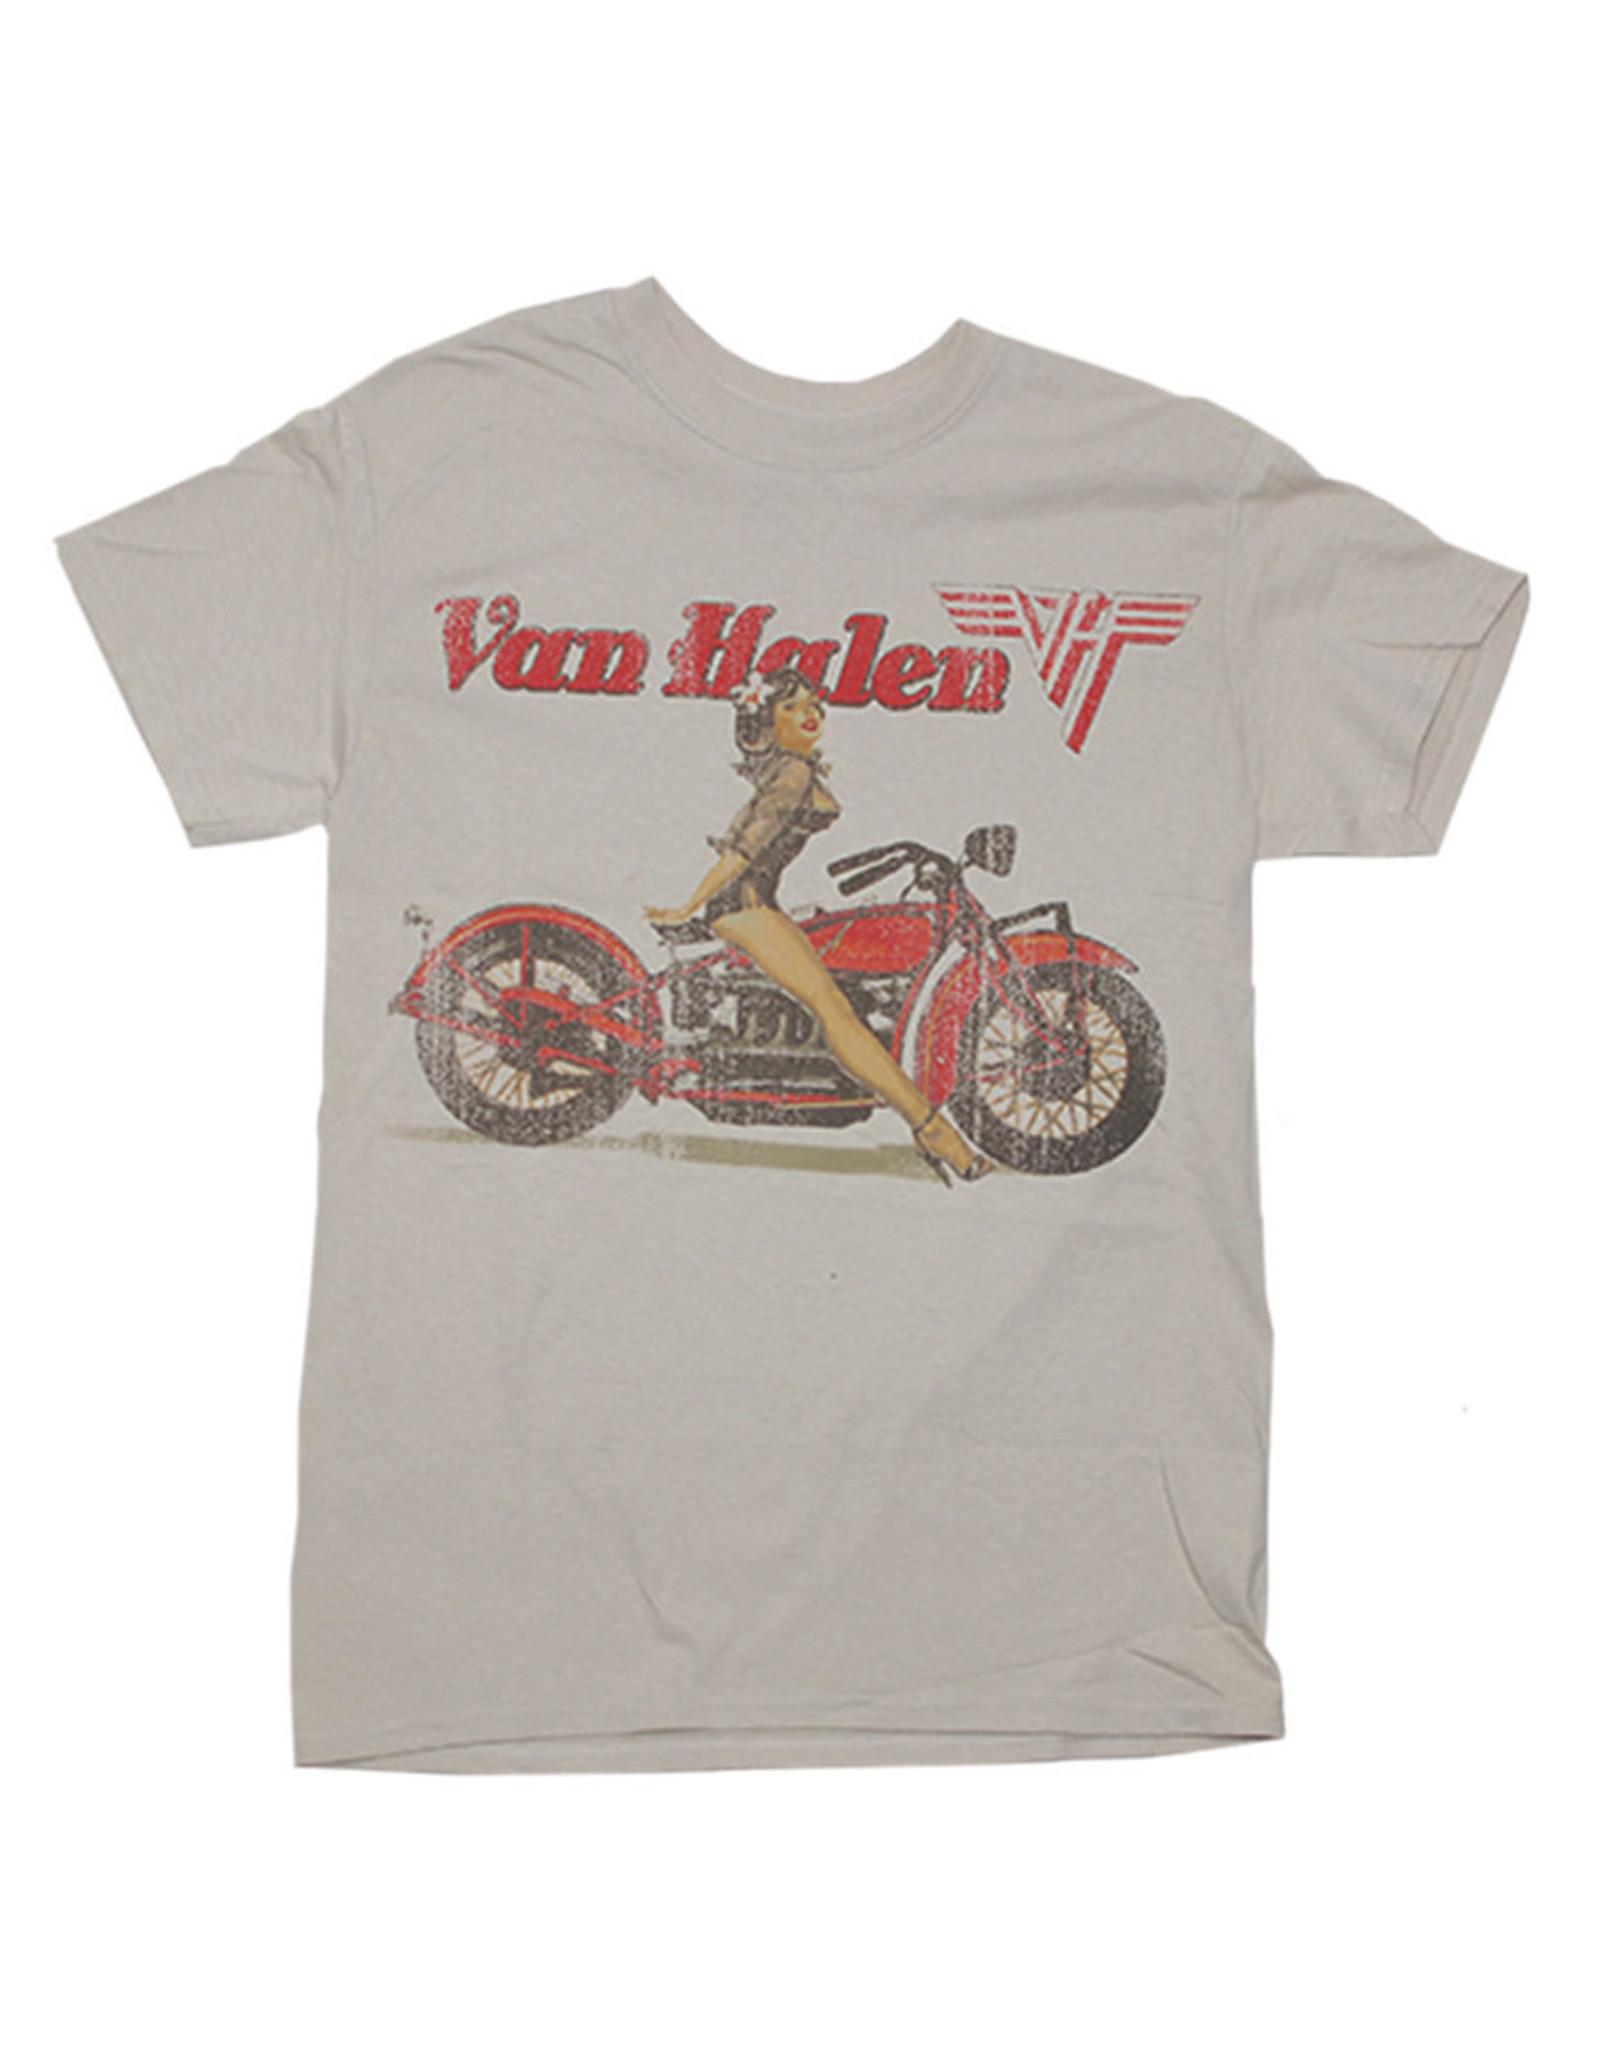 Star 500 Concert Series On Hollywood Tee Van Halen Biker S/S (Tan)
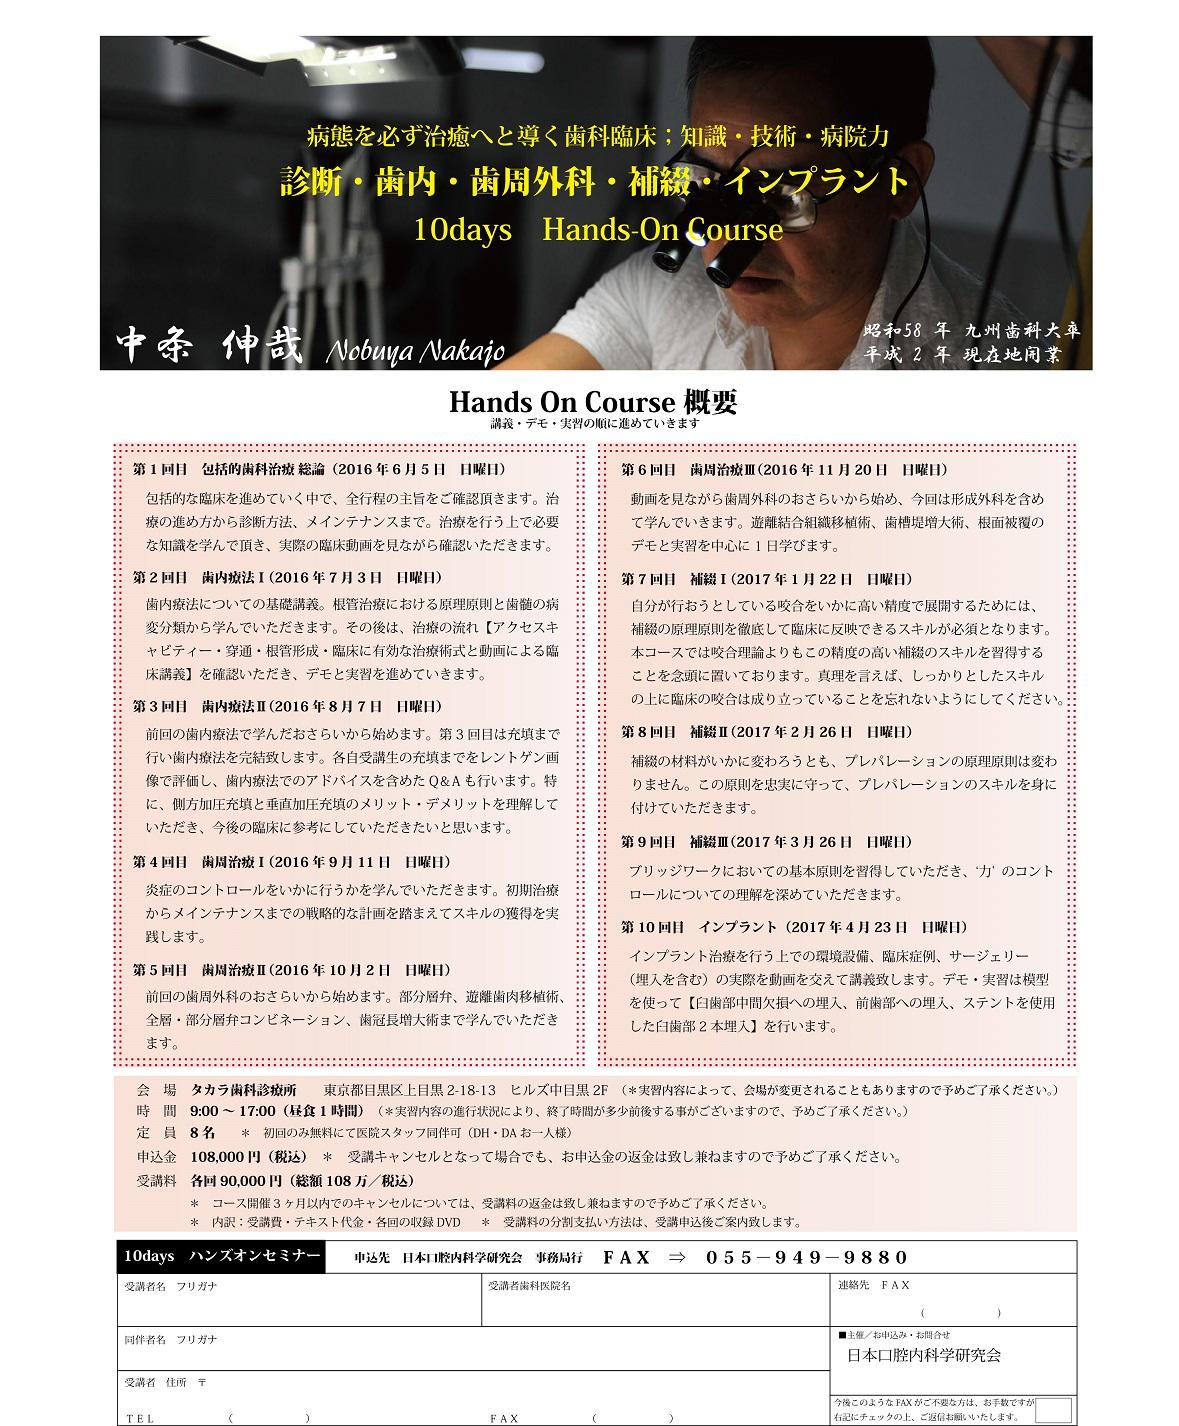 中条先生 10days ハンズオンセミナー
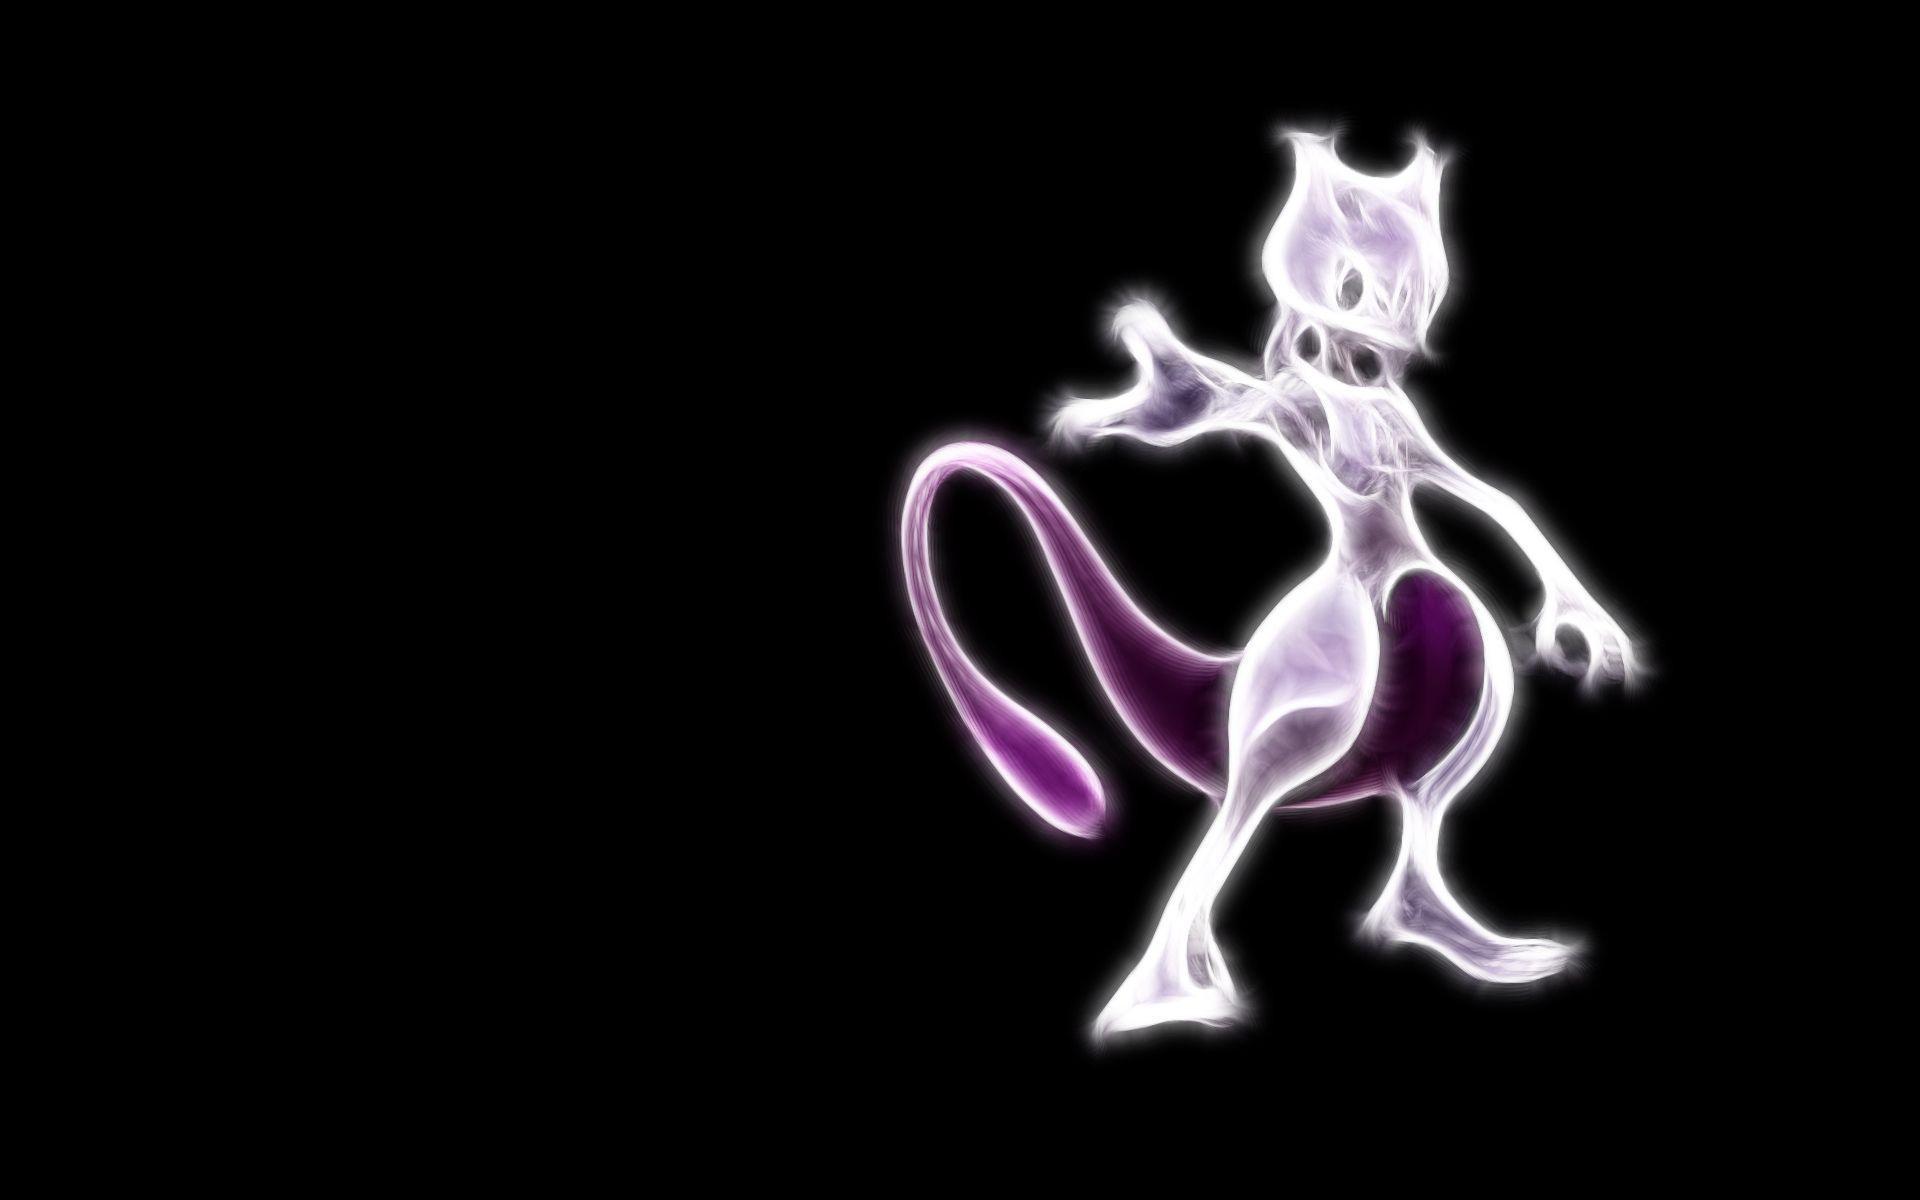 Pokemon Mewtwo Neon Wallpaper

□ □ □ □

*TASK DESCRIPTION*: Every line above should be retyped exactly; the pictures do not belong in the copy.

*FINISHED EXERCISE*:
 Star 500 Concert Series On Hollywood Tee Van Halen Biker S/S (Tan)
 中条先生 10days ハンズオンセミナー
 Pokemon Mewtwo Neon Wallpaper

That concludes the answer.